Top of DATASET EXCERPT

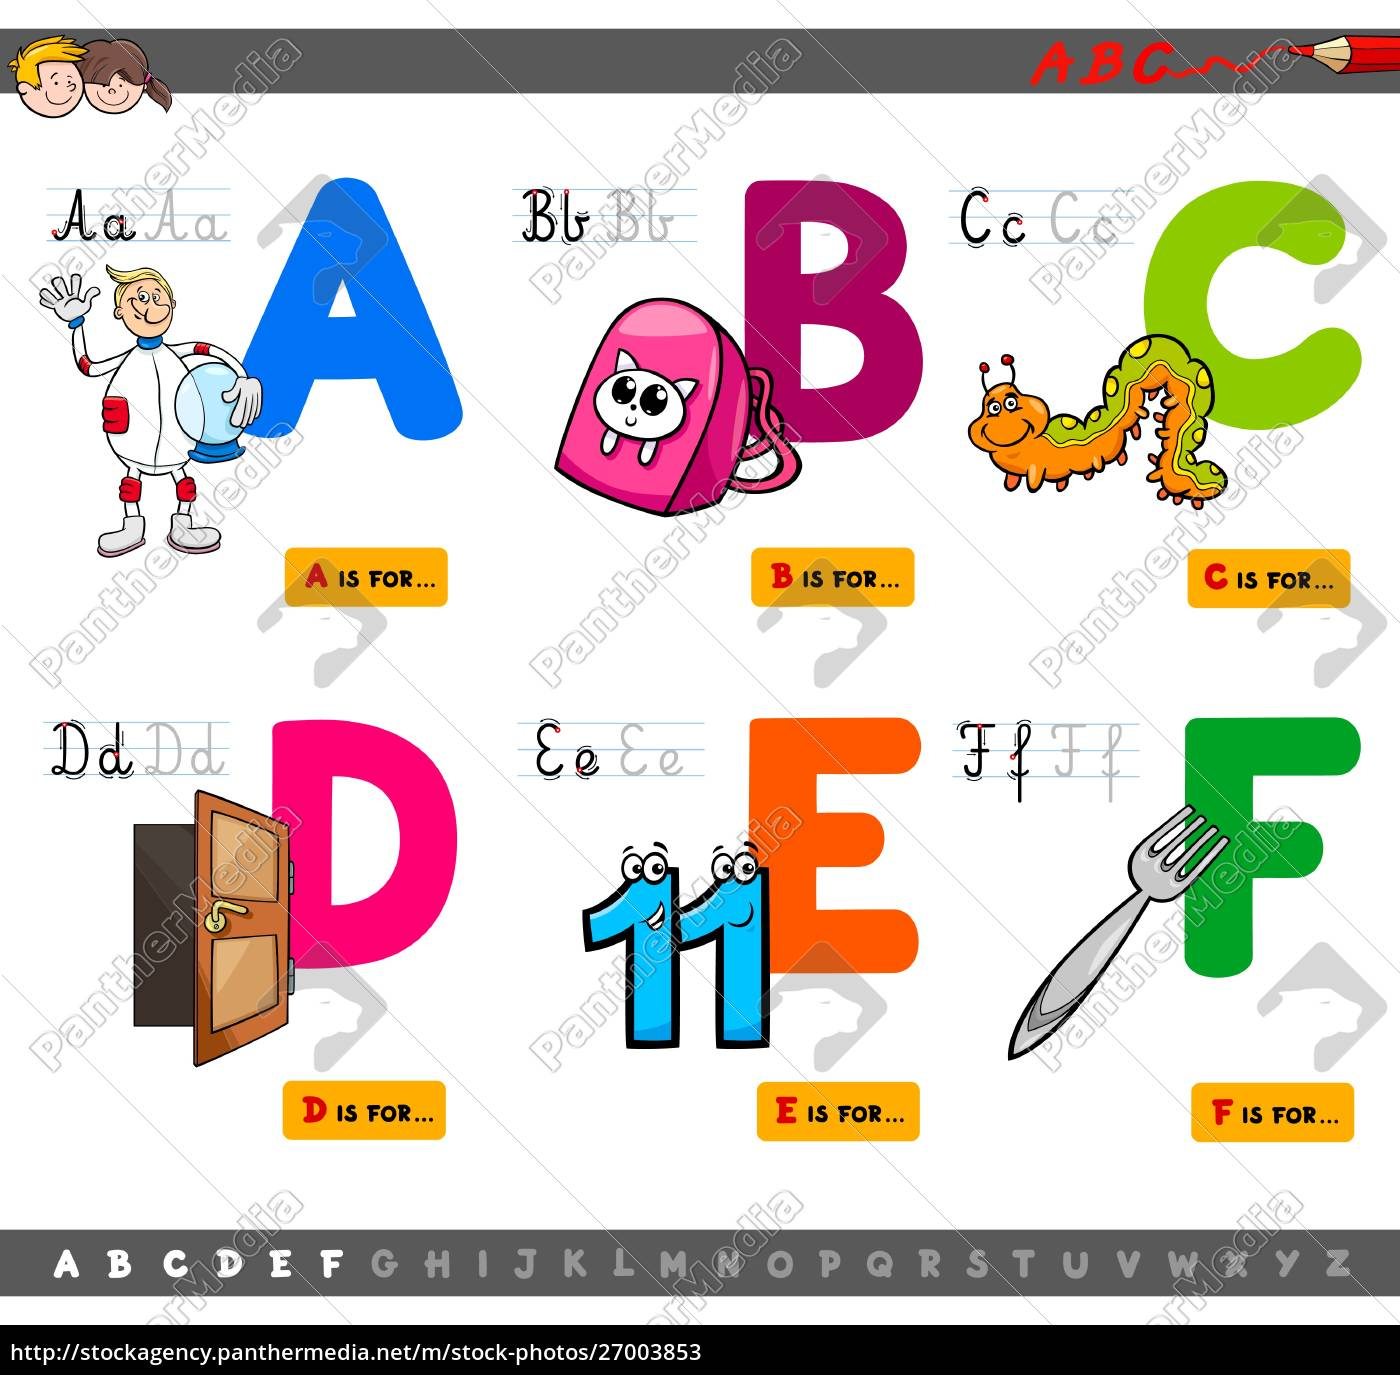 Alphabet Mit Bildern - kinderbilder.download | kinderbilder.download
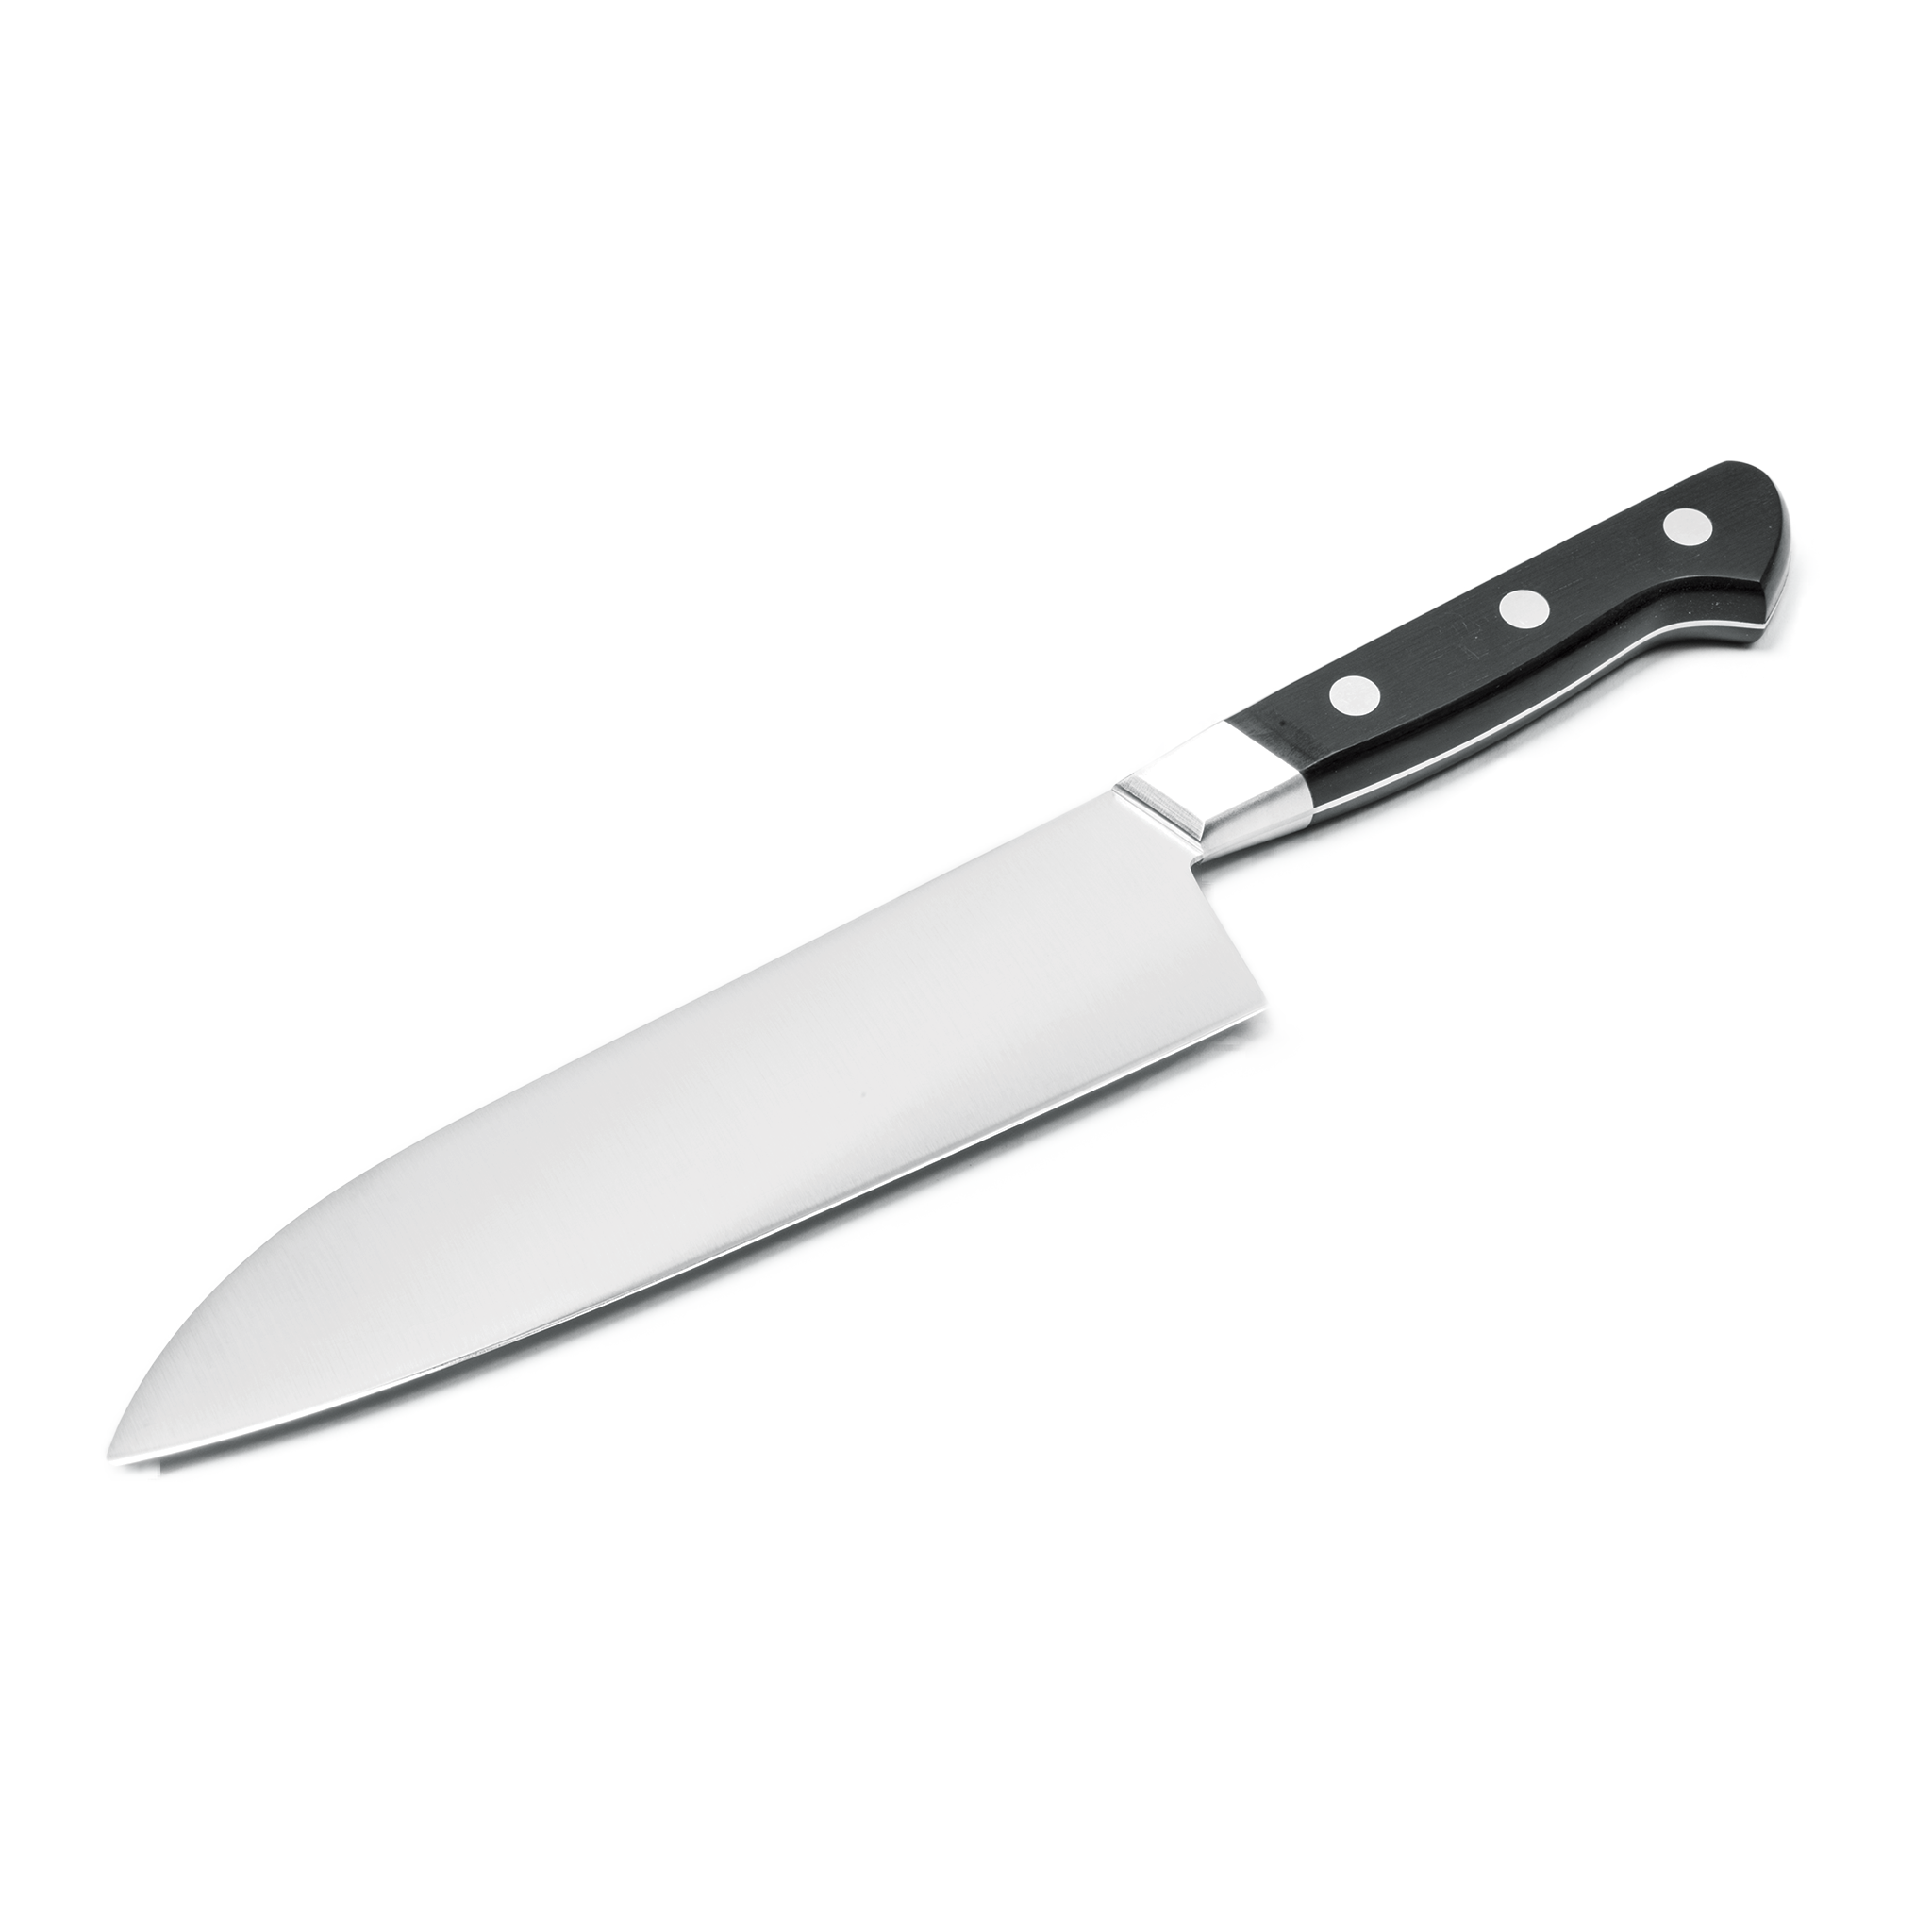 Knife Blade PNG File
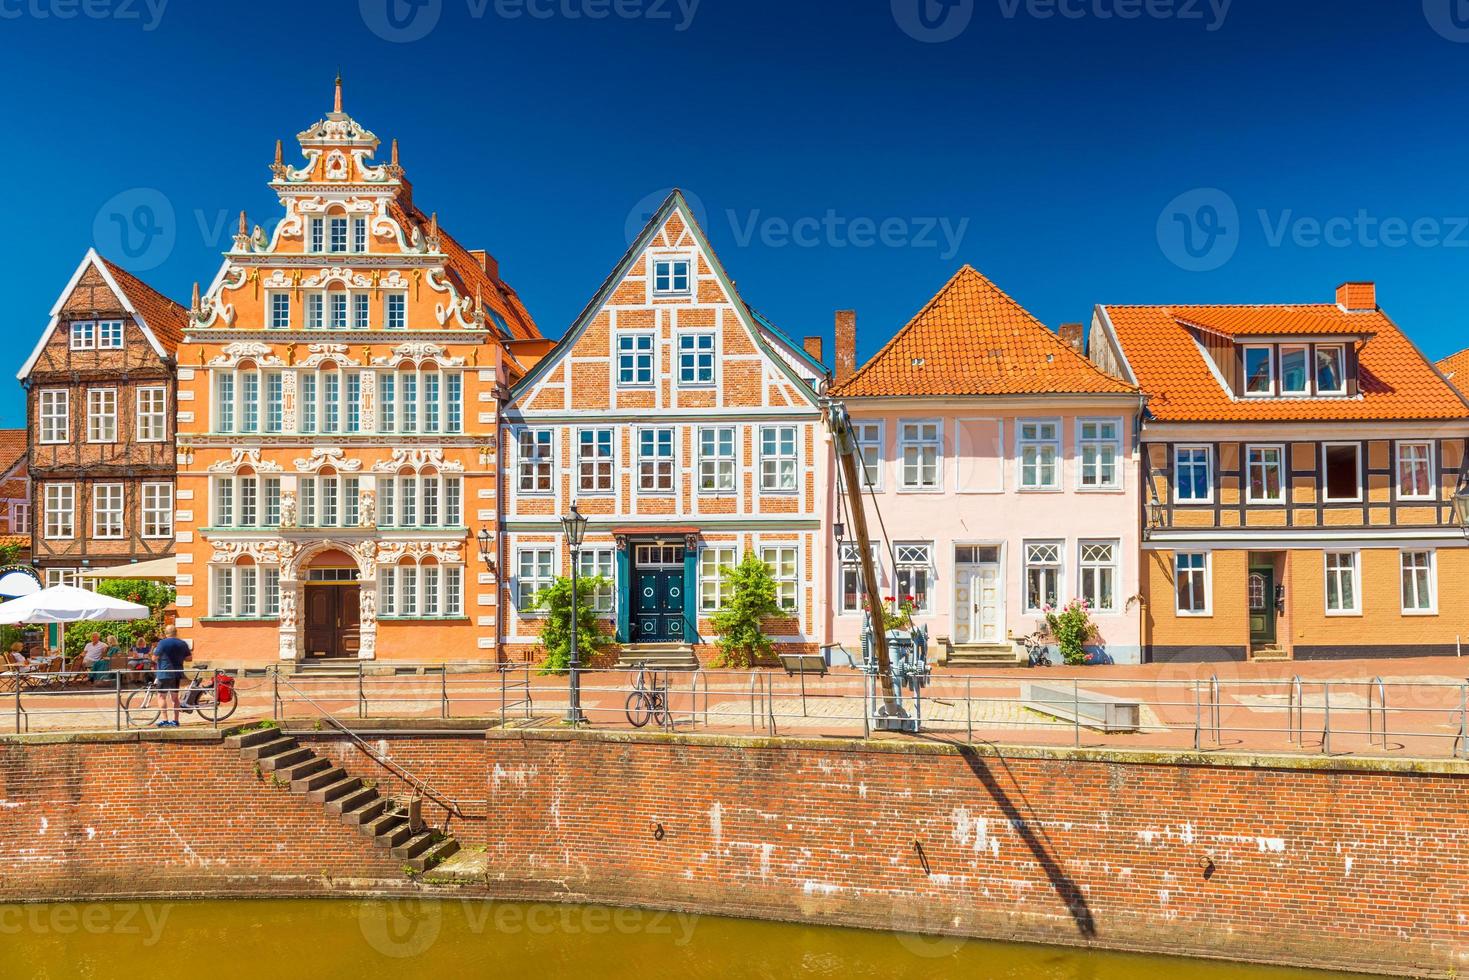 weergave van mooie huizen in de traditionele Duitse architectuurstijl. stade, duitsland foto

Bottom of DATASET EXCERPT

:: ACTIVITY ::
I would like you to set down the lines above, from the one containing "Knife Blade PNG File" to the final line, exactly as written and without pictures.

:: EXERCISE RESPONSE ::
 Knife Blade PNG File
 weergave van mooie huizen in de traditionele Duitse architectuurstijl. stade, duitsland foto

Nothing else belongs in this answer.